GIVEN DATA.
== Segment start ==
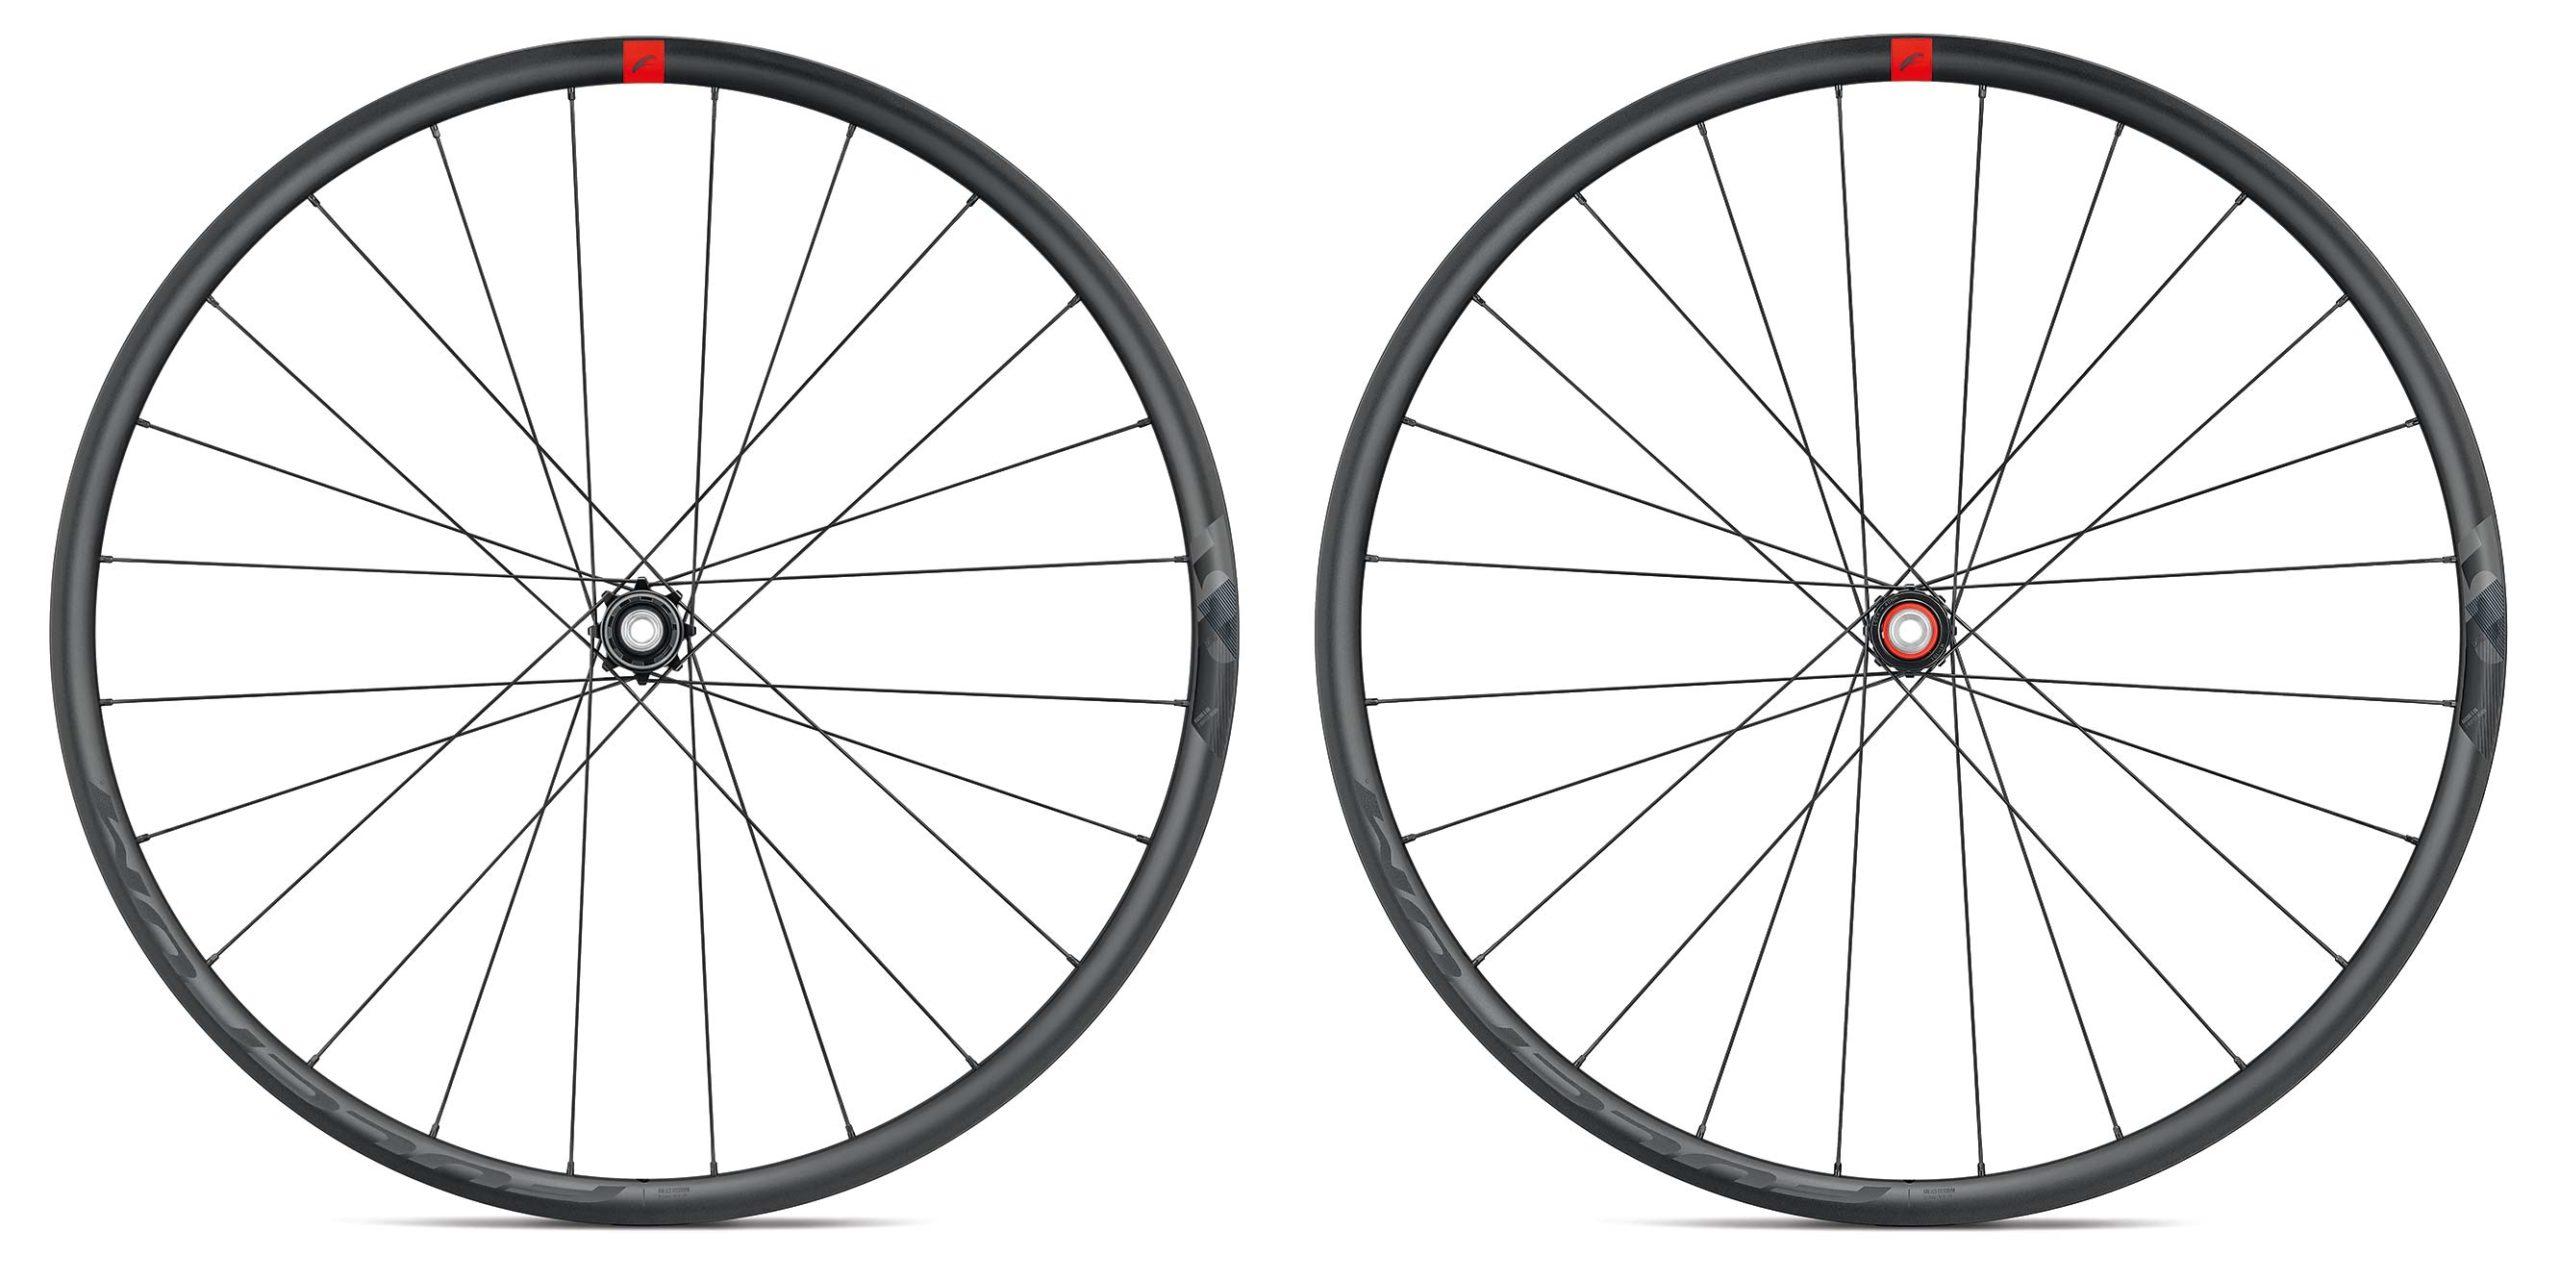 2022 Fulcrum Racing 4 5 6 DB alloy road wheels, affordable aluminum tubeless gravel all road bike disc brake wheelsets
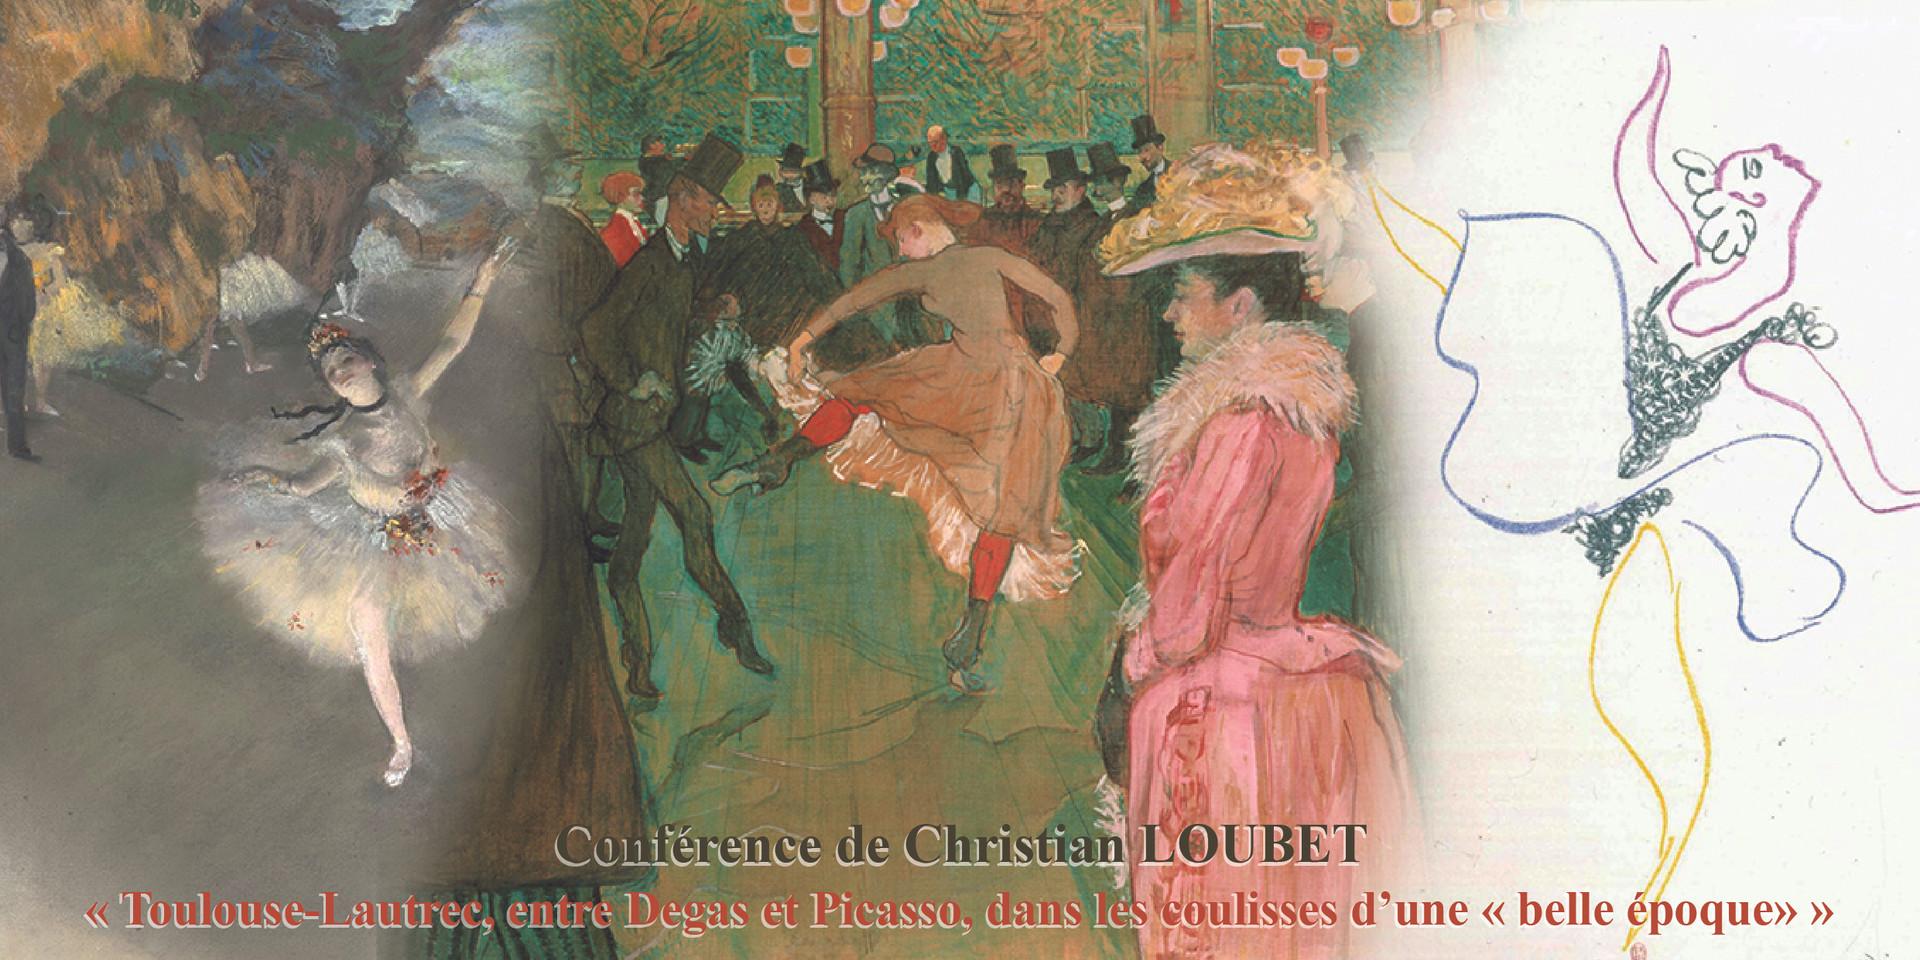 Conférence de Christian Loubet
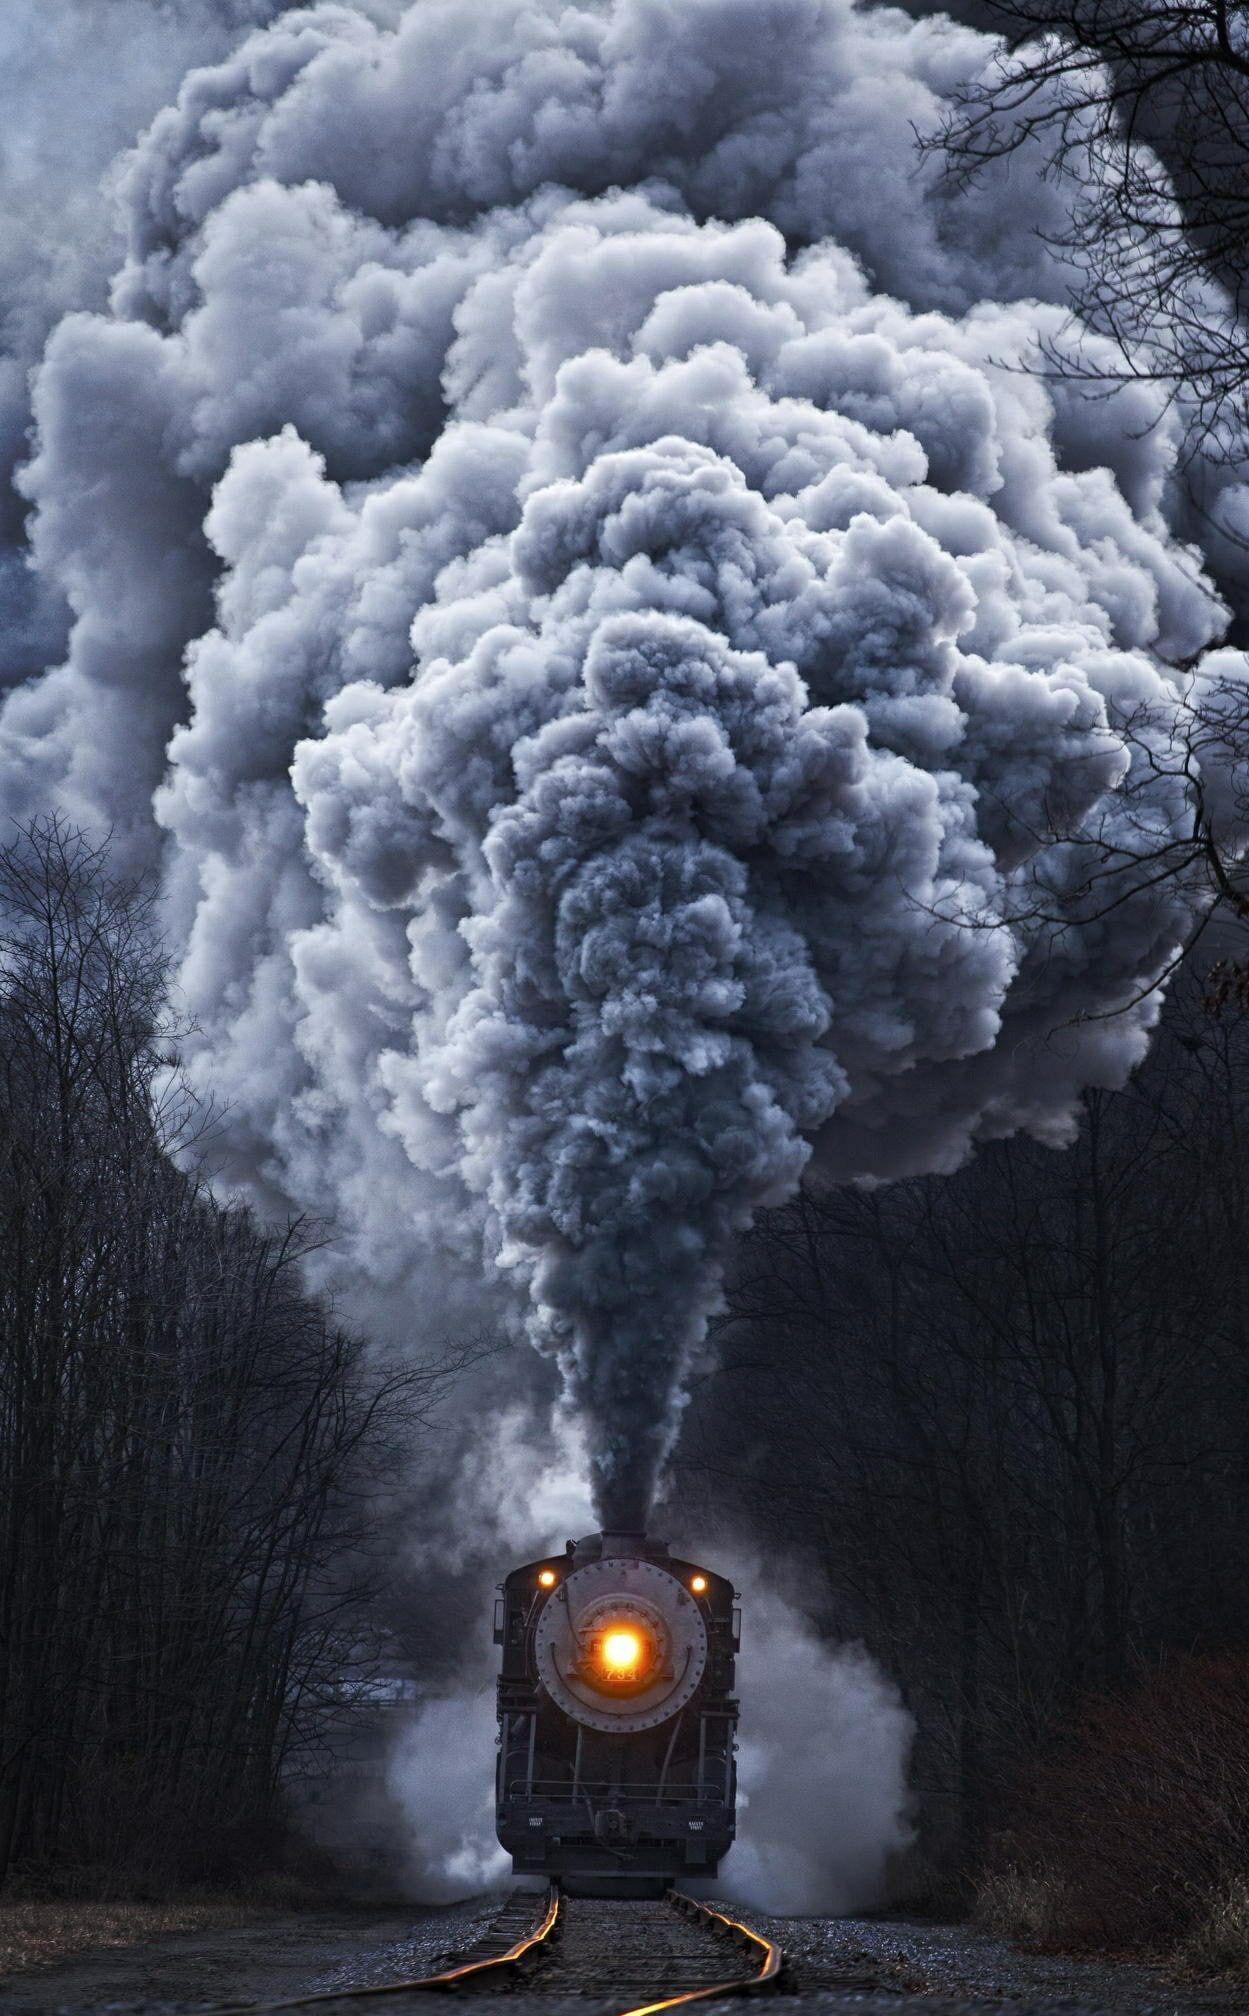 nature train portrait display steam 1080P
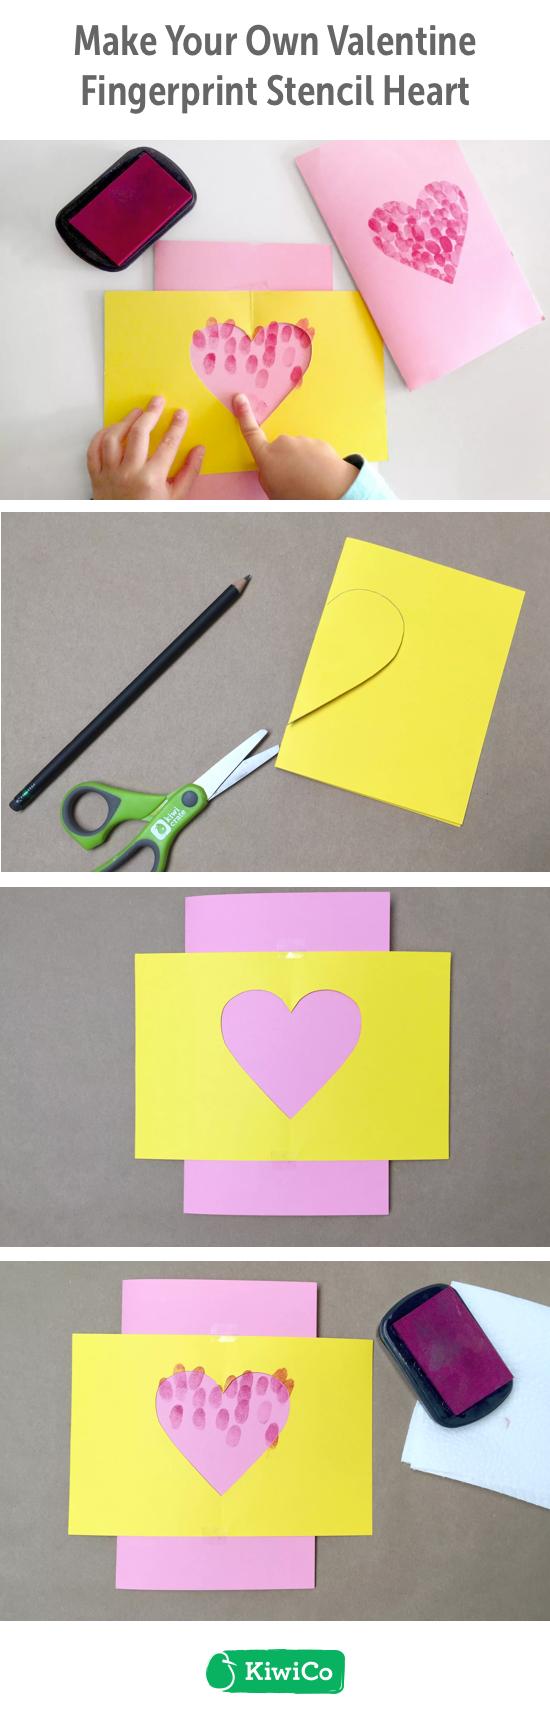 Valentine fingerprint stencil heart diy this do it yourself paper valentine fingerprint stencil heart diy this do it yourself paper craft is great solutioingenieria Gallery
== Segment end ==
AIM OF THE EXERCISE. Wherever a picture appears in the data, please drop it and retype the rest exactly.

YOUR SOLUTION.
 2022 Fulcrum Racing 4 5 6 DB alloy road wheels, affordable aluminum tubeless gravel all road bike disc brake wheelsets
 Conférence de Christian Loubet
 nature train portrait display steam 1080P
 Valentine fingerprint stencil heart diy this do it yourself paper valentine fingerprint stencil heart diy this do it yourself paper craft is great solutioingenieria Gallery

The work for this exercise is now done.